We use quantifiers to define quantities. A quantifier is a metacharacter that determines how often a preceding regex can occur. you can use it to specify how many times a regex can repeat/occur.

For example, We use metacharacter *, +, ? and {} to define quantifiers.

Let's see the list of quantifiers and their meaning.

QuantifierMeaning
*Match 0 or more repetitions of the preceding regex. For example, a* matches any string that contains zero or more occurrences of 'a'.
+Match 1 or more repetitions of the preceding regex. For example, a+ matches any string that contains at least one a, i.e., a, aa, aaa, or any number of a's.
?Match 0 or 1 repetition of the preceding regex. For example, a? matches any string that contains zero or one occurrence of a.
{2}Matches only 2 copies of the preceding regex. For example, p{3} matches exactly three 'p' characters, but not four.
{2, 4}Match 2 to 4 repetitions of the preceding regex. For example, a{2,4} matches any string that contains 3 to 5 'a' characters.
{3,}Matches minimum 3 copies of the preceding regex. It will try to match as many repetitions as possible.
For example, p{3,} matches a minimum of three 'p' characters.

Regex flags

All RE module methods accept an optionalflagsargument used to enable various unique features and syntax variations.

For example, you want to search a word inside a string using regex. You can enhance this regex's capability by adding the RE.I flag as an argument to the search method to enable case-insensitive searching.

Read more: Guide on Python Regex Flags

Click on each flag to study it in detail.

Flaglong syntaxMeaning
re.Are.ASCIIPerform ASCII-only matching instead of full Unicode matching.
re.Ire.IGNORECASEPerform case-insensitive matching.
re.Mre.MULTILINEThis flag is used with metacharacter ^ (caret) and $ (dollar).
When this flag is specified, the metacharacter ^ matches the pattern at beginning of the string and each newline’s beginning (\n).
And the metacharacter $ matches pattern at the end of the string and the end of each new line (\n)
re.Sre.DOTALLMake the DOT (.) special character match any character at all, including a newline.

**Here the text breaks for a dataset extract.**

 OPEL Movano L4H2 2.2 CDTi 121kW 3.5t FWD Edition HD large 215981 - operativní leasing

Without this flag, DOT(.) will match anything except a newline.
re.Xre.VERBOSEAllow comment in the regex. This flag is useful to make regex more readable by allowing comments in the regex.
re.Lre.LOCALEPerform case-insensitive matching dependent on the current locale. Use only with bytes patterns.

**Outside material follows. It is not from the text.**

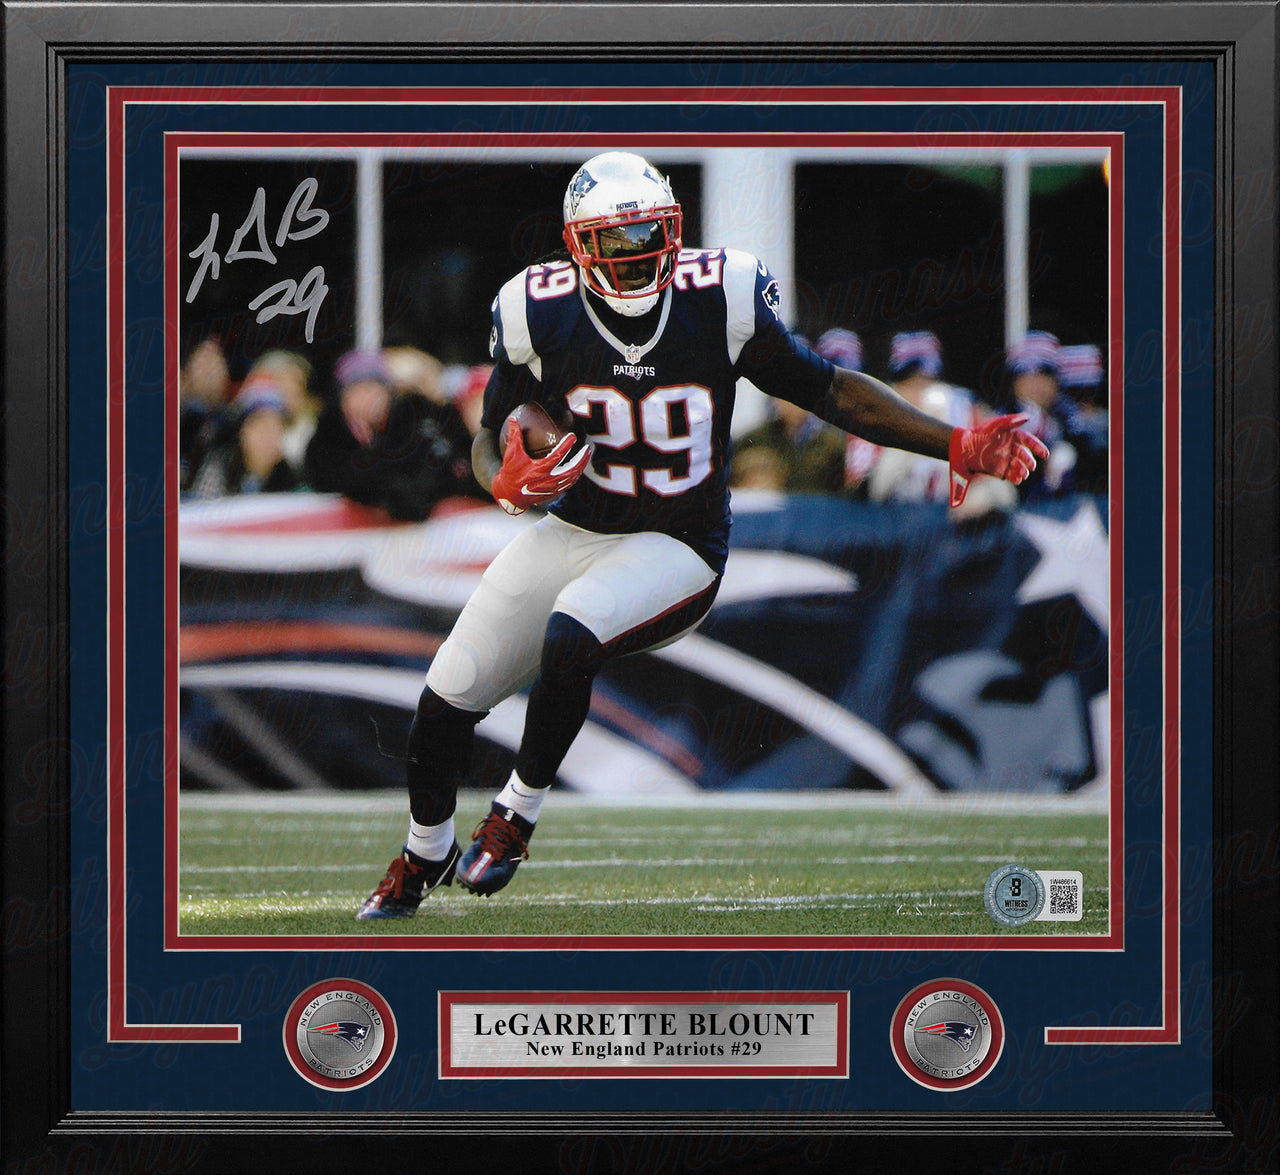 LeGarrette Blount in Action Autographed New England Patriots 11" x 14" Framed Football Photo

To specify more than one flag, use the | operator to connect them.

For example:

re.findall(pattern, string, flags=re.I|re.M|re.X)

All Python Regex tutorials: -

Python RegEx Archives (2024)

References

Top Articles
Latest Posts
Article information

Author: Gregorio Kreiger

Last Updated:

Views: 6026

Rating: 4.7 / 5 (57 voted)

Reviews: 88% of readers found this page helpful

Author information

Name: Gregorio Kreiger

Birthday: 1994-12-18

Address: 89212 Tracey Ramp, Sunside, MT 08453-0951

Phone: +9014805370218

Job: Customer Designer

Hobby: Mountain biking, Orienteering, Hiking, Sewing, Backpacking, Mushroom hunting, Backpacking

Introduction: My name is Gregorio Kreiger, I am a tender, brainy, enthusiastic, combative, agreeable, gentle, gentle person who loves writing and wants to share my knowledge and understanding with you.